Разумеется, ученые уже придумали несколько решений этой проблемы. Одним из наиболее эффективных методов, которые могут как ускорить процесс обучения, так и улучшить способность к обобщению, является упрощение модели. Когда число параметров, подлежащих корректировке, сведено к минимуму, система вынуждена искать более общее решение. Именно эта идея подтолкнула Лекуна к изобретению сверточных нейронных сетей – искусственного обучаемого устройства, которое стало эталоном в области распознавания образов13. Идея проста: чтобы распознать элементы на картинке, достаточно проделать более или менее одинаковые действия везде. Например, на фотографиях лица могут оказаться в любом месте. Чтобы распознать их, необходимо применить один и тот же алгоритм к каждой части изображения (искать овал, пару глаз и так далее). Никакой необходимости в отдельных моделях для каждой точки сетчатки нет: то, что усвоено в одном месте, может быть повторно использовано в любом другом.

В процессе обучения сверточные нейронные сети Лекуна применяют все, что им удается узнать в одной области, ко всей сети, на всех уровнях. Посему им предстоит усвоить гораздо меньшее количество параметров: по большому счету система должна отрегулировать один-единственный фильтр, который она будет применять везде, а не множество различных соединений для каждого фрагмента изображения. Этот простой трюк значительно улучшает производительность, особенно обобщение. Столкнувшись с новым изображением, алгоритм может использовать весь свой обширный опыт, полученный в результате анализа каждой точки каждой фотографии, которую он когда-либо видел. Это существенно ускоряет процесс обучения: машина исследует только подмножество моделей зрения. До начала обучения она уже знает о мире кое-что важное, а именно – что один и тот же объект может появиться в любом месте изображения.

Этот же прием работает и во многих других областях. Например, чтобы распознать речь, необходимо абстрагироваться от специфики голоса говорящего. Для этого искусственную нейронную сеть заставляют использовать одни и те же соединения в разных частотных диапазонах независимо от того, высокий голос или низкий. За счет уменьшения количества параметров, подлежащих корректировке, удается не только увеличить скорость, но и улучшить способность к обобщению. Собственно, именно благодаря этому ваш смартфон может реагировать на ваш голос.
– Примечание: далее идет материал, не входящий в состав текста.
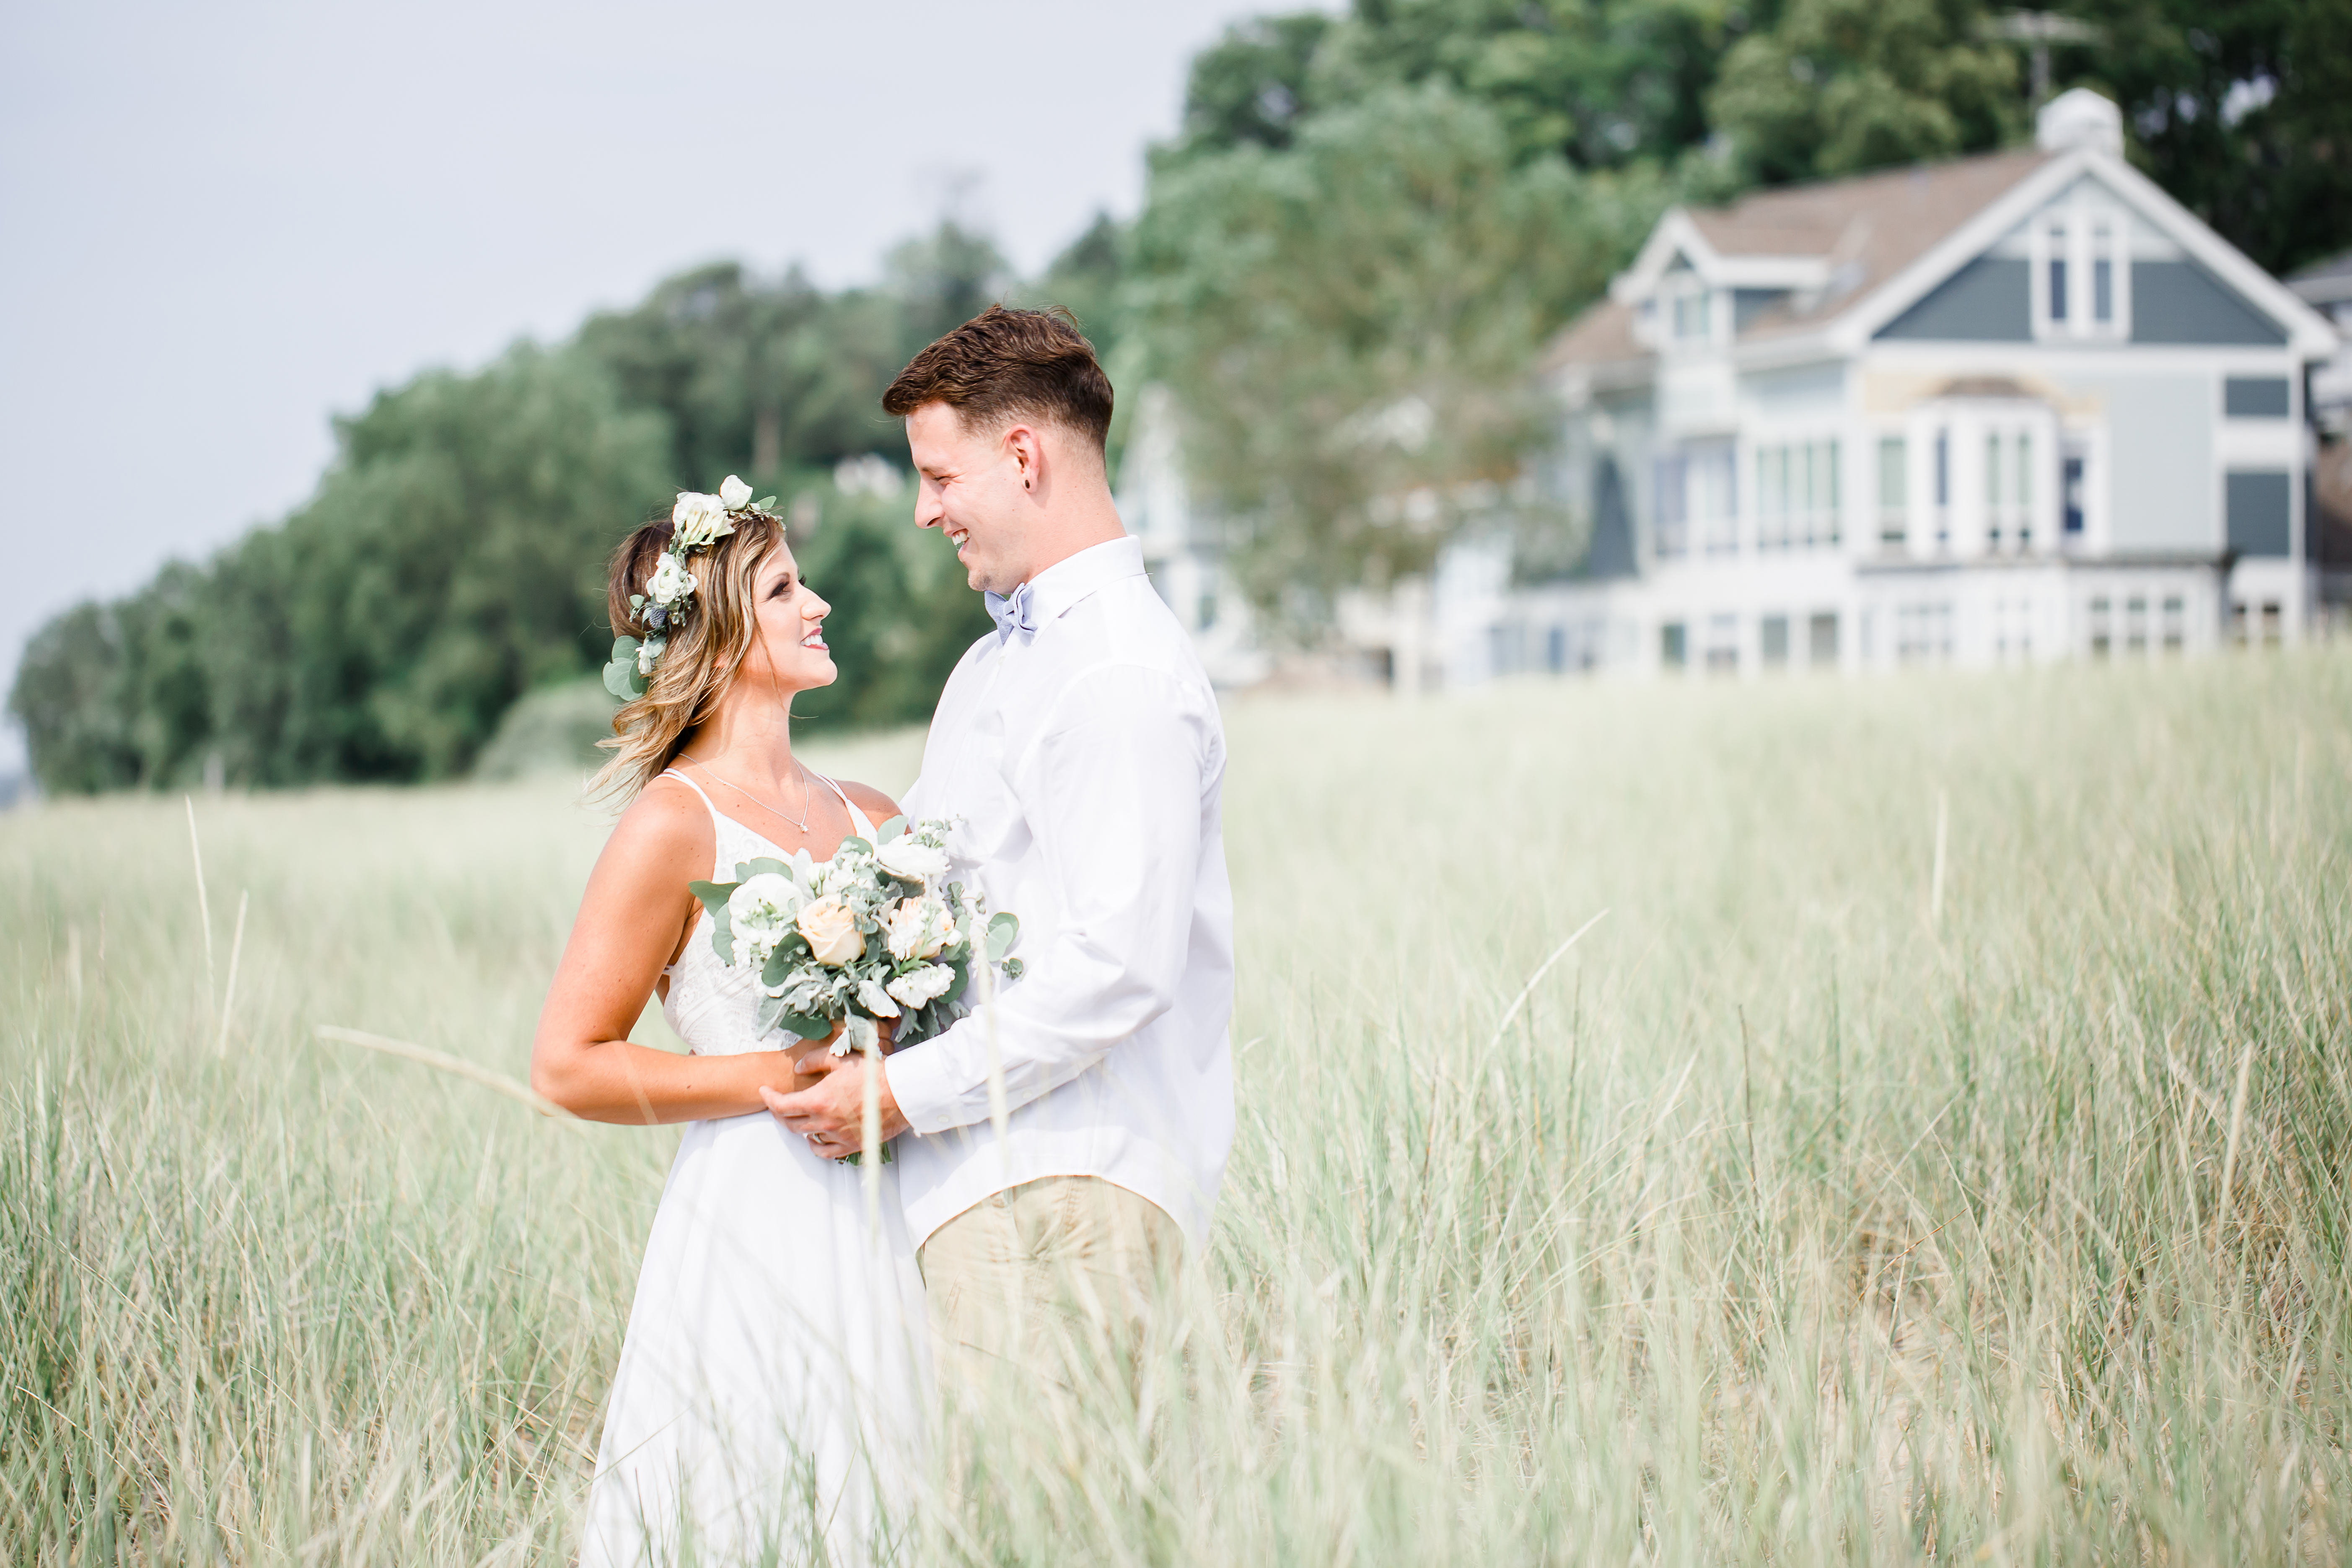 wedding-picture-ideas-lake-wedding-weddi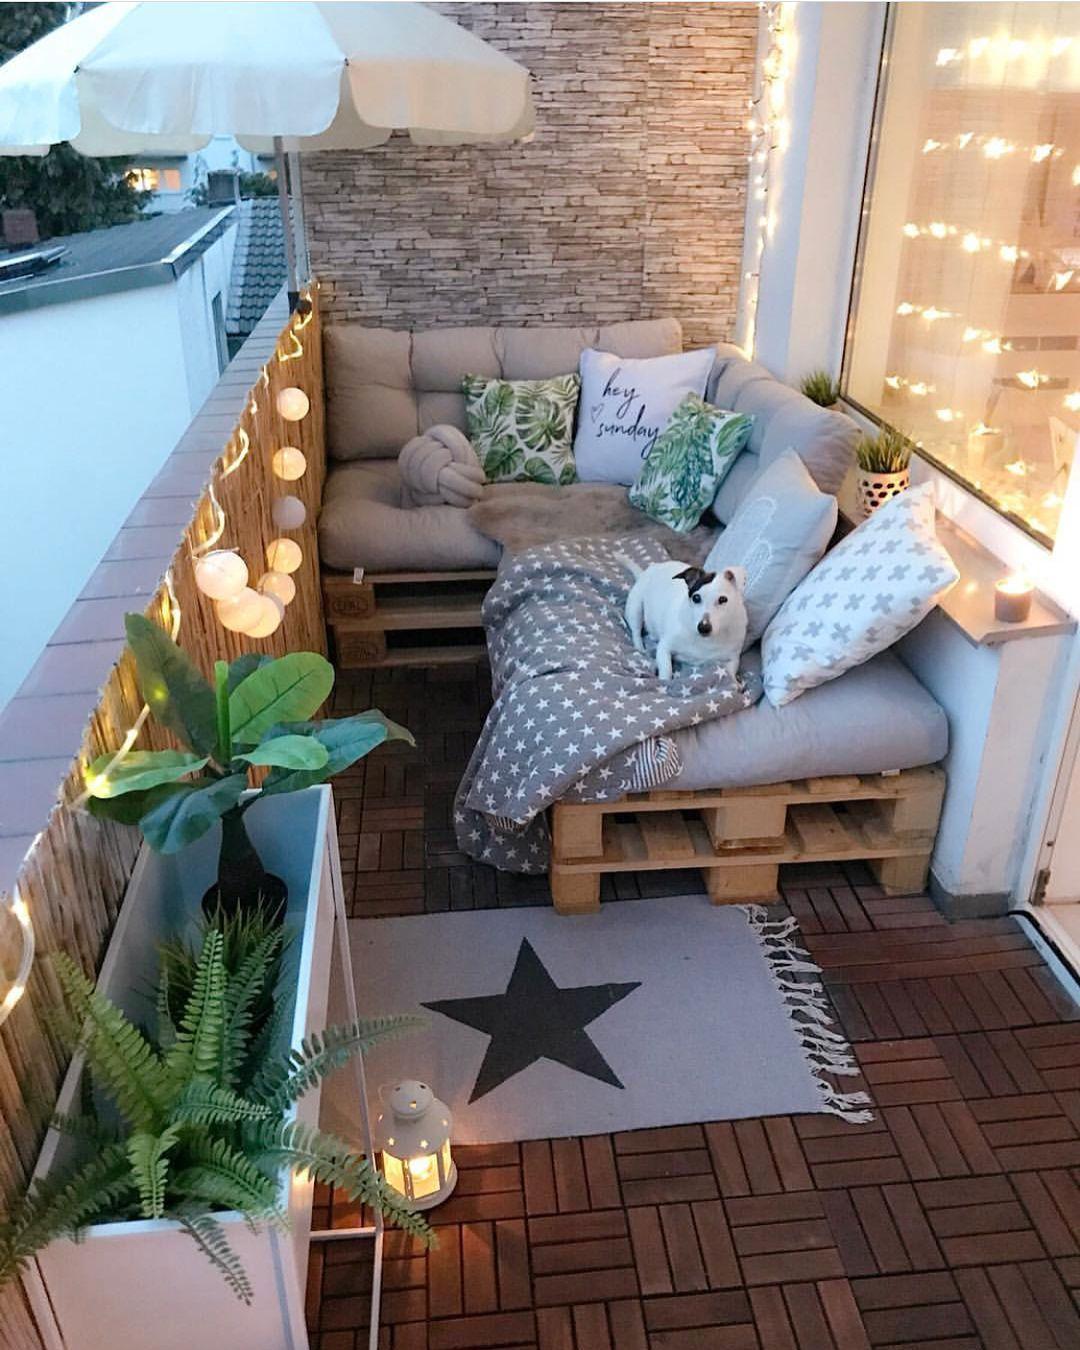 Ideas To Decorate Your Terrace Garden: Home Terrace Garden Inspirations

Научение – это проецирование априорных гипотез

Стратегия Яна Лекуна – хороший пример гораздо более общего явления: использования знаний, присущих системе изначально. Сверточные нейросети учатся лучше и быстрее других типов искусственных нейронных сетей, потому что они не учатся всему. В самой их архитектуре заключена основополагающая гипотеза: то, что я узнаю в одном месте, можно обобщить и применить в других местах.

Главная проблема распознавания образов – это инвариантность: я должен распознать объект вне зависимости от его положения и размера, даже если он движется вправо или влево, ко мне или от меня. Это не только трудная задача, но и мощный ограничитель: логично предположить, что одни и те же подсказки помогут мне узнать лицо в любой точке пространства. Задействуя повсюду один и тот же алгоритм, сверточные сети эффективно используют это ограничение: они интегрируют его в саму свою структуру. Изначально, до любого обучения, система уже «знает» это ключевое свойство зрительного мира. Она не учится инвариантности, а принимает ее априори и использует для сужения учебного пространства – умно, не правда ли?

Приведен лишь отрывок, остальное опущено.